● **HOW TO COMPLETE THIS TASK**: Transcribe all the data below exactly, leaving its pictures out.

● **RAW DATA**:
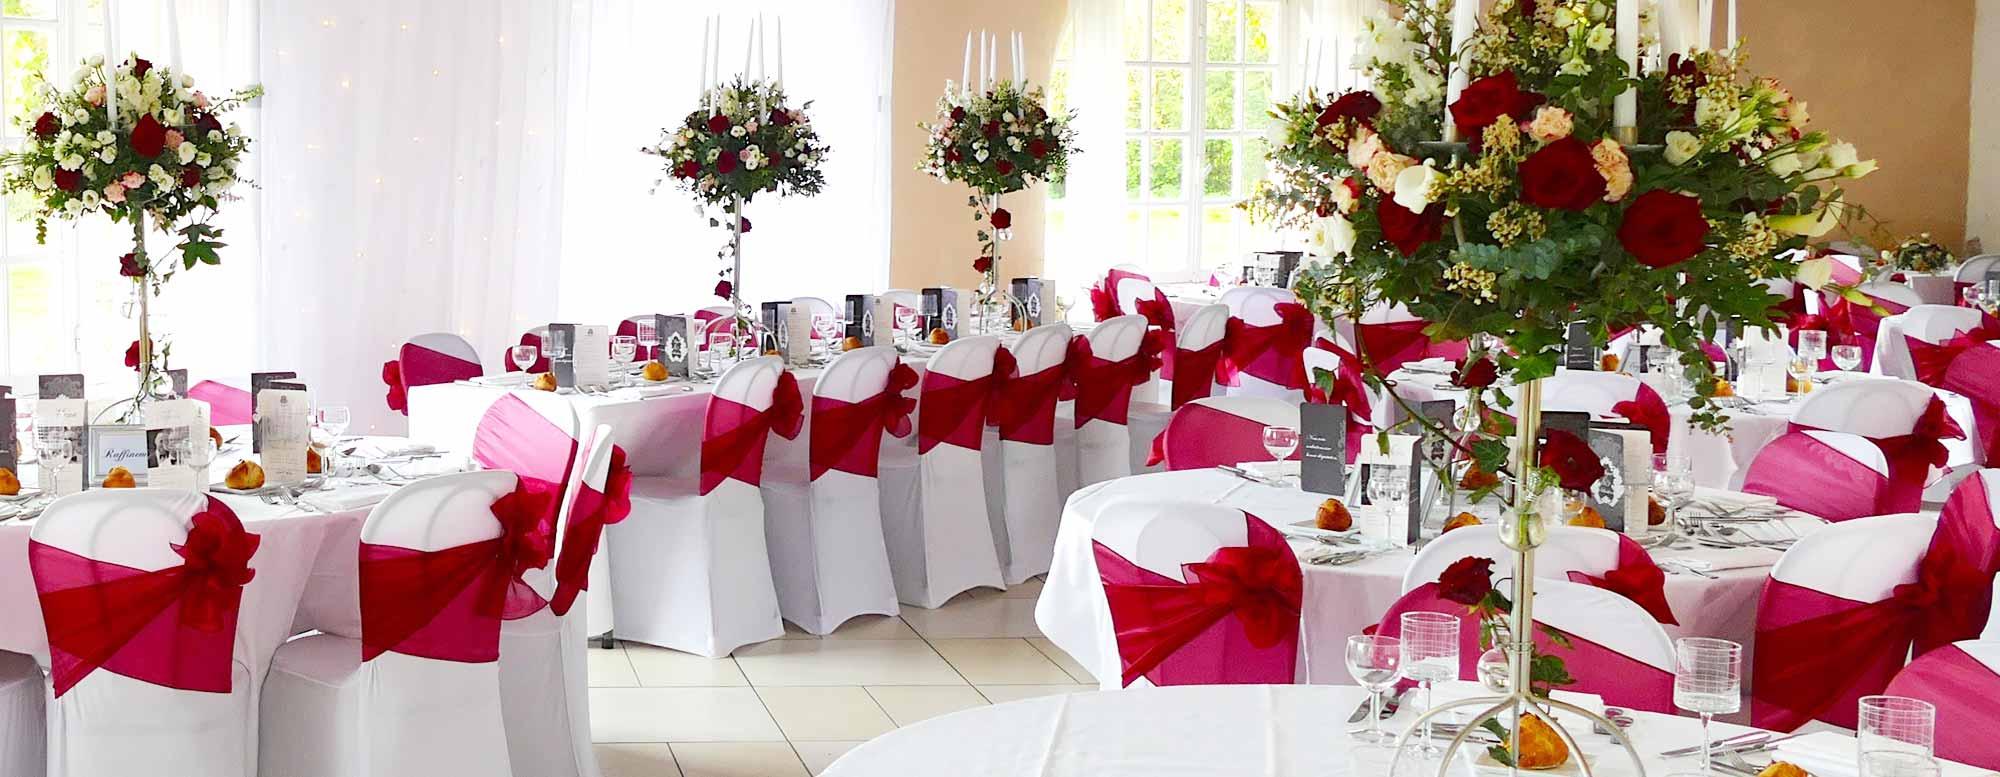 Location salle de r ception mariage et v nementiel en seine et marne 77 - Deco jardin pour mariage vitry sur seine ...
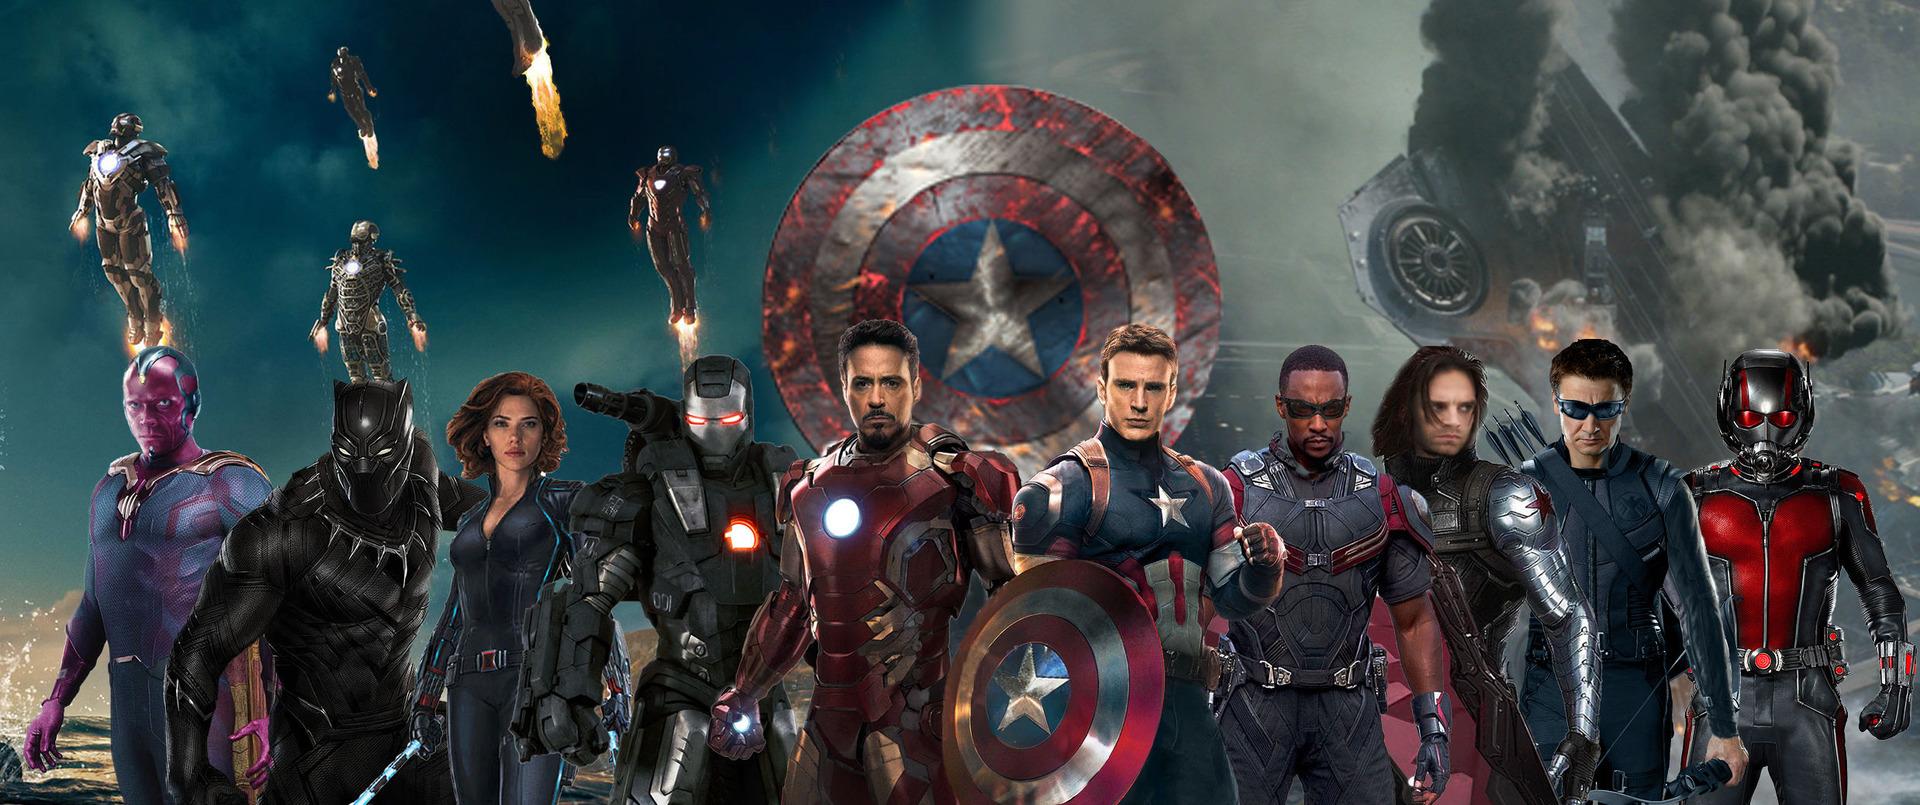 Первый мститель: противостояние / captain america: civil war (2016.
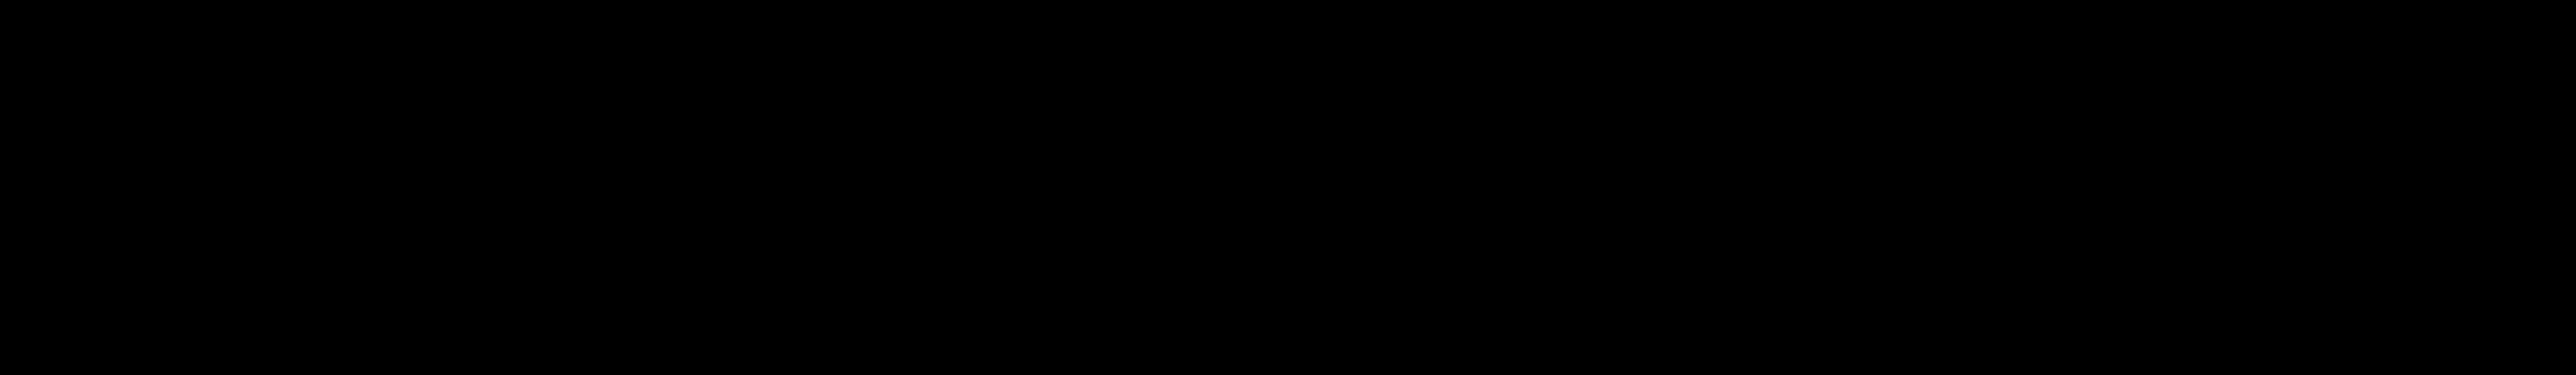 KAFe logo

● **WORKED SOLUTION**:
 Location salle de r ception mariage et v nementiel en seine et marne 77 - Deco jardin pour mariage vitry sur seine ...
 Первый мститель: противостояние / captain america: civil war (2016.
 KAFe logo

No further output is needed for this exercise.